Лицо его я помню смутно. Вернее, вообще не помню. Довале тогда было под пятьдесят, он был шофером нашего джипа, а я сидел всегда позади него.
В то лето мы патрулировали участок иорданской границы в Араве, где-то на полпути между Эйлатом и Мертвым морем. В основном наша активность проявлялась по ночам. Мы сновали туда-сюда по знаменитому шоссе, иногда проверяя документы у подозрительных и помогая своим внушительным видом полицейским патрулям. Днем изредка нас гнали с базы на какой-нибудь инцидент, обыкновенно с участием бедуинов или их скотины. В Араве ровным счетом ничего не случалось. Нарушать границу было некому и незачем. Соседний королёк уже давно сделал правильный выбор и не позволял со своей стороны подойти к границе никакой, даже безобидной, нечисти.

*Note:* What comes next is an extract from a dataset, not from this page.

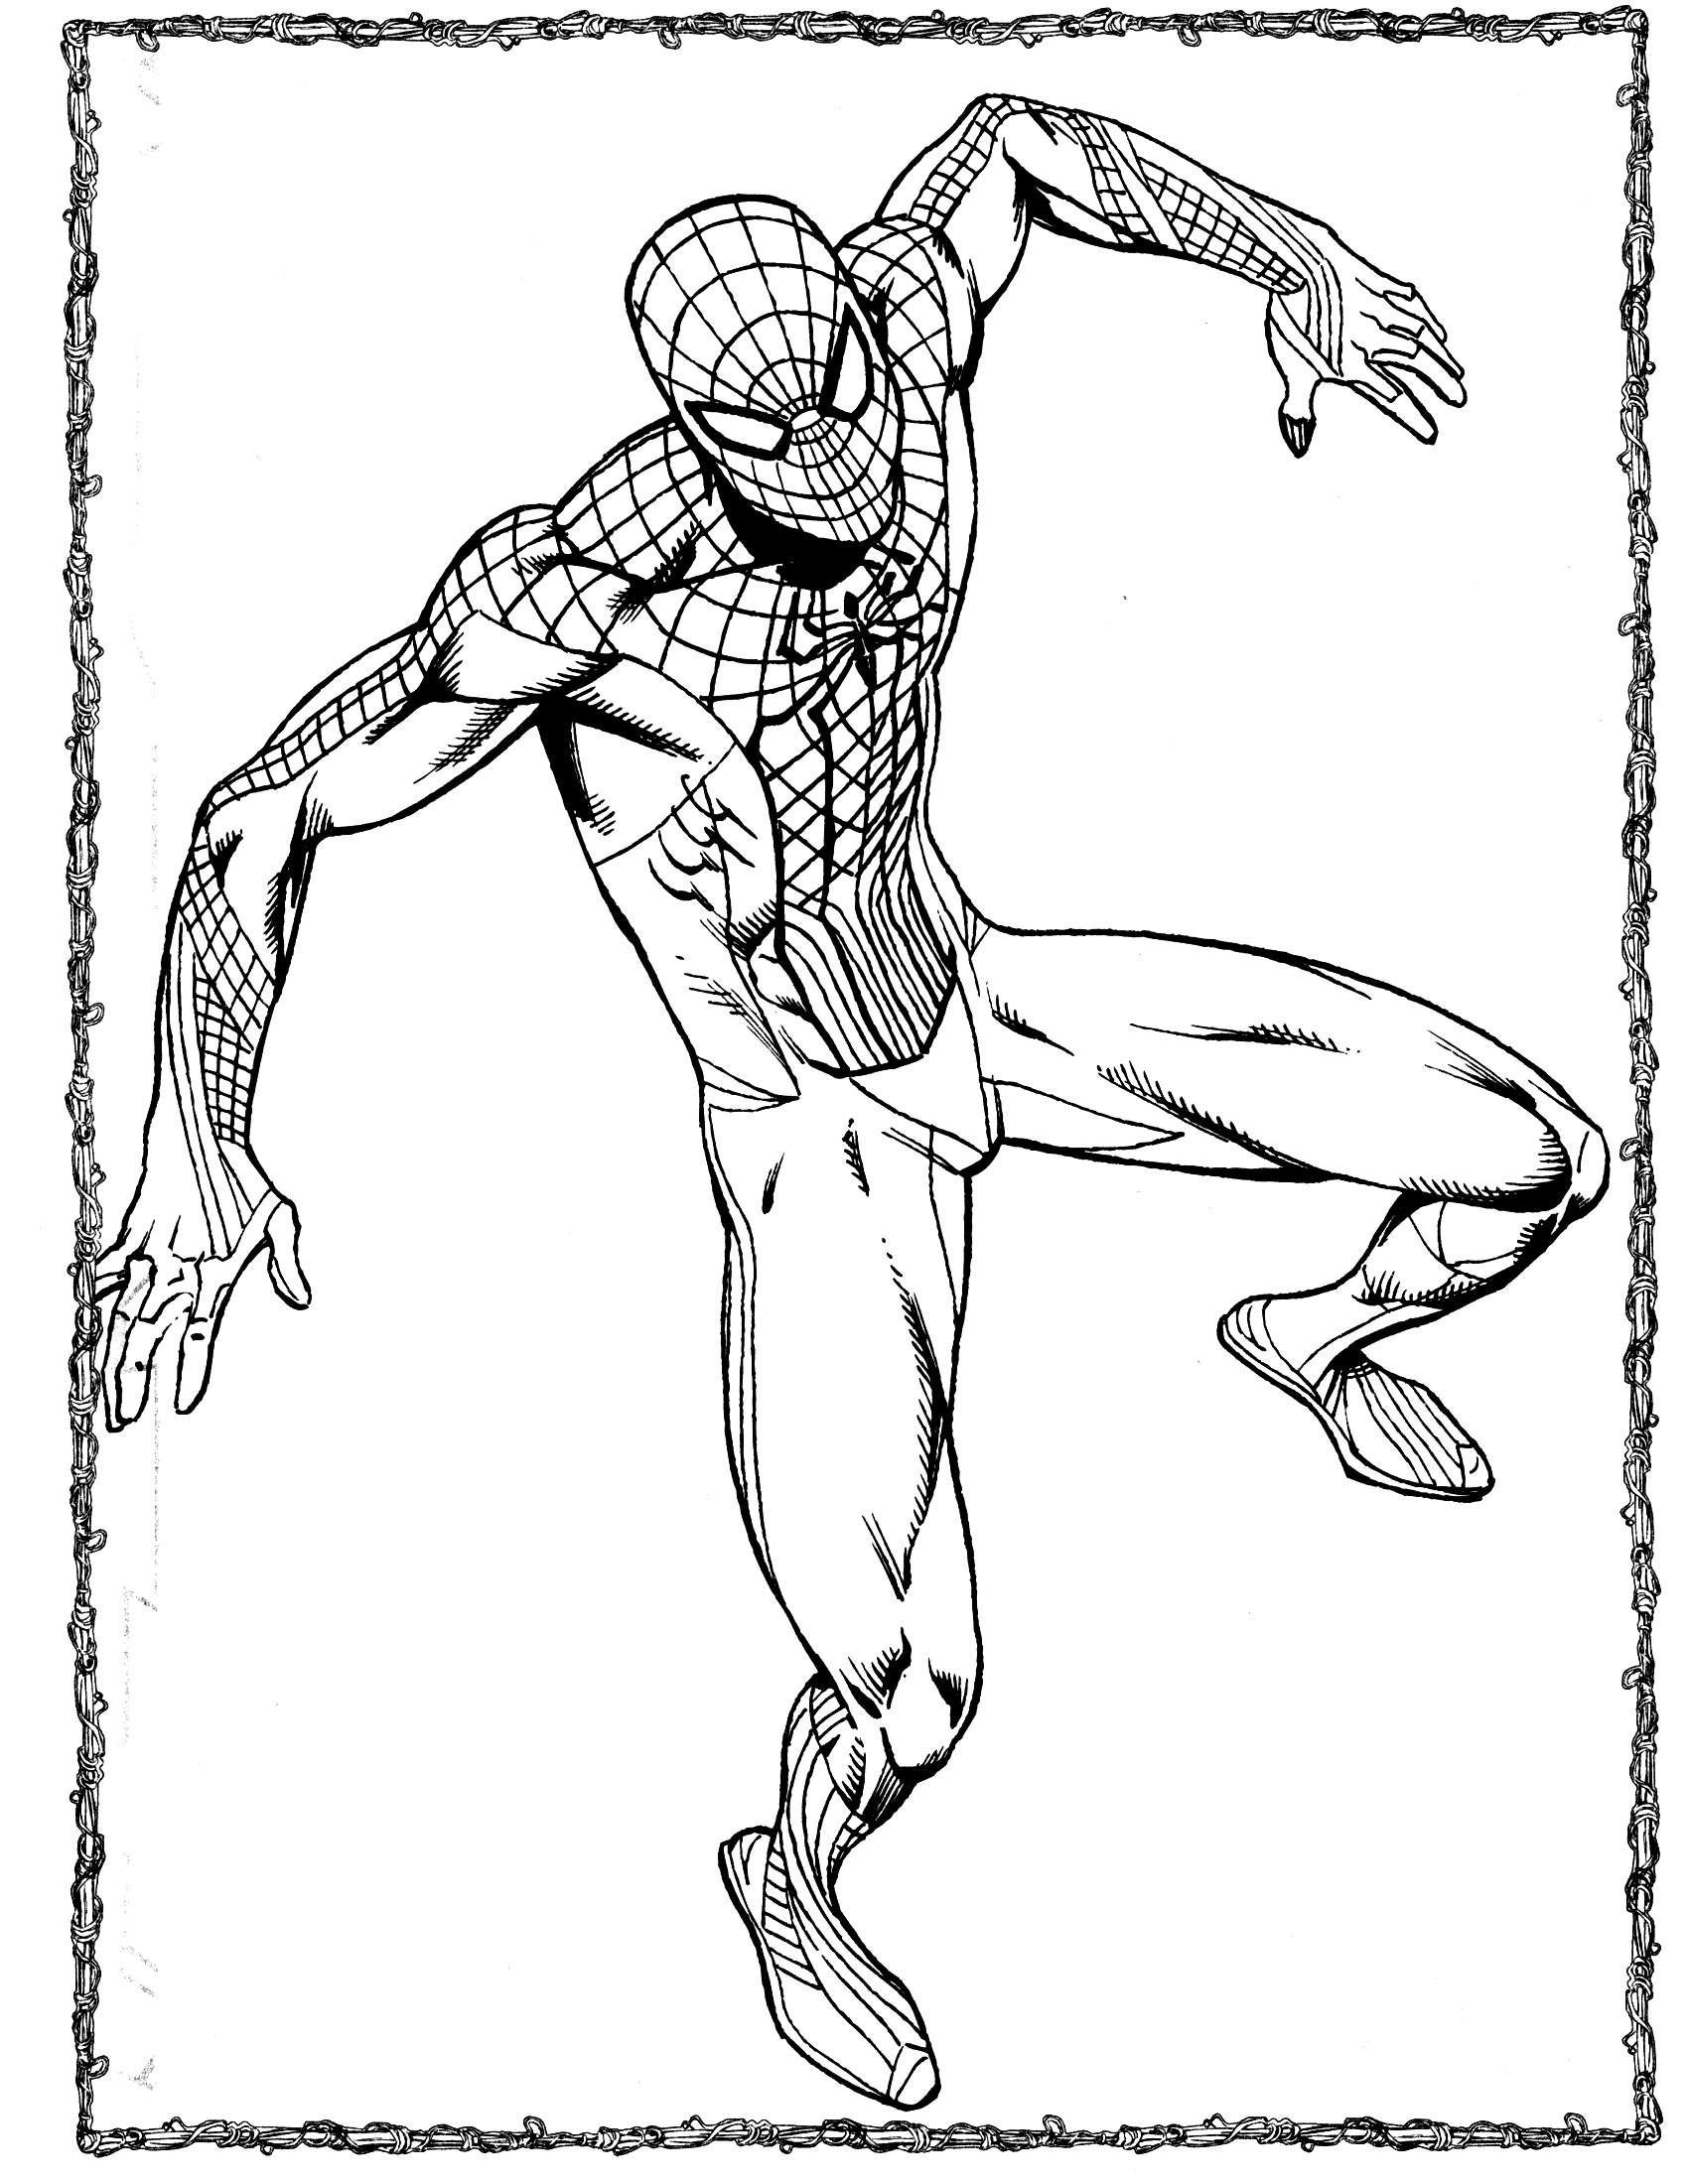 Kolorowanki Spider-Man do wydrukowania i pokolorowania 
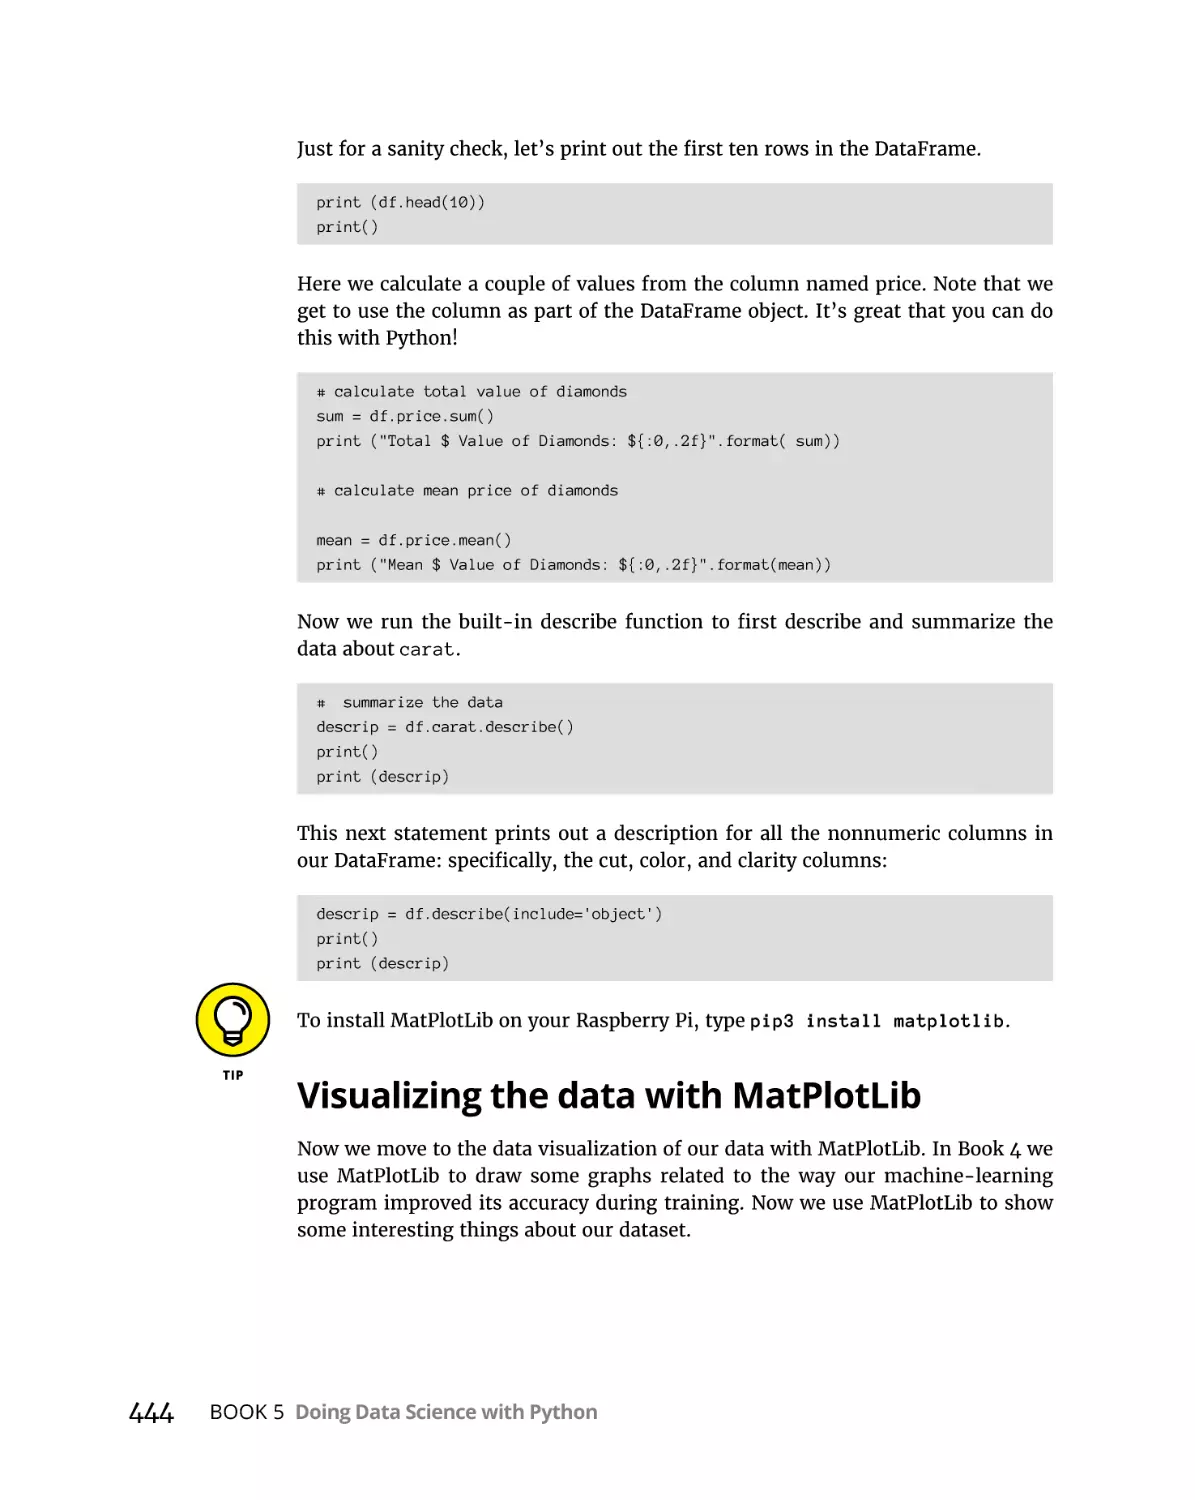 Visualizing the data with MatPlotLib

У нас премьер-министром тогда был тоже далеко не великан, причем с таким же, как у королька, колючим взглядом.
Мы уже подъезжали к Парану, когда по связи сообщили, что прямо на границе напротив этого поселения произошел взрыв противопехотной мины.
Мы успевали к месту первыми. Довале ожил и погнал джип на полной скорости. Чуть севернее Парана мы увидели на обочине семитрейлер "Mack" – здоровенный грузовик с фургоном-рефрижератором. Пустой. И в кабине никого не было.
Довале сказал начальнику патруля Шаулю, что надо подъехать к пограничному забору. Мы свернули с шоссе и через несколько минут тряски по камням покатили по относительно ровной грунтовой дороге, идущей вдоль колючей проволоки. Минута, и мы оказались у цели – несколько метров забора были разворочены взрывом. Из небольшой воронки еще дымило. На нашей стороне лежал мертвый человек в белой куртке с длинными рукавами, что было странно для Аравы и ее климата. Неподалеку валялась фляга. Из нее пахло спиртом.
Человек был седой, усатый и сутулый. Лет ему на вид было шестьдесят – шестьдесят пять. На другой стороне уже орудовали наши иорданские коллеги, прибывшие к месту одновременно с нами. Они обыскивали какого-то исхудалого и тоже усатого человека в черной робе, сидевшего до их приезда на земле. Потом надели на него наручники и положили на пол своего джипа.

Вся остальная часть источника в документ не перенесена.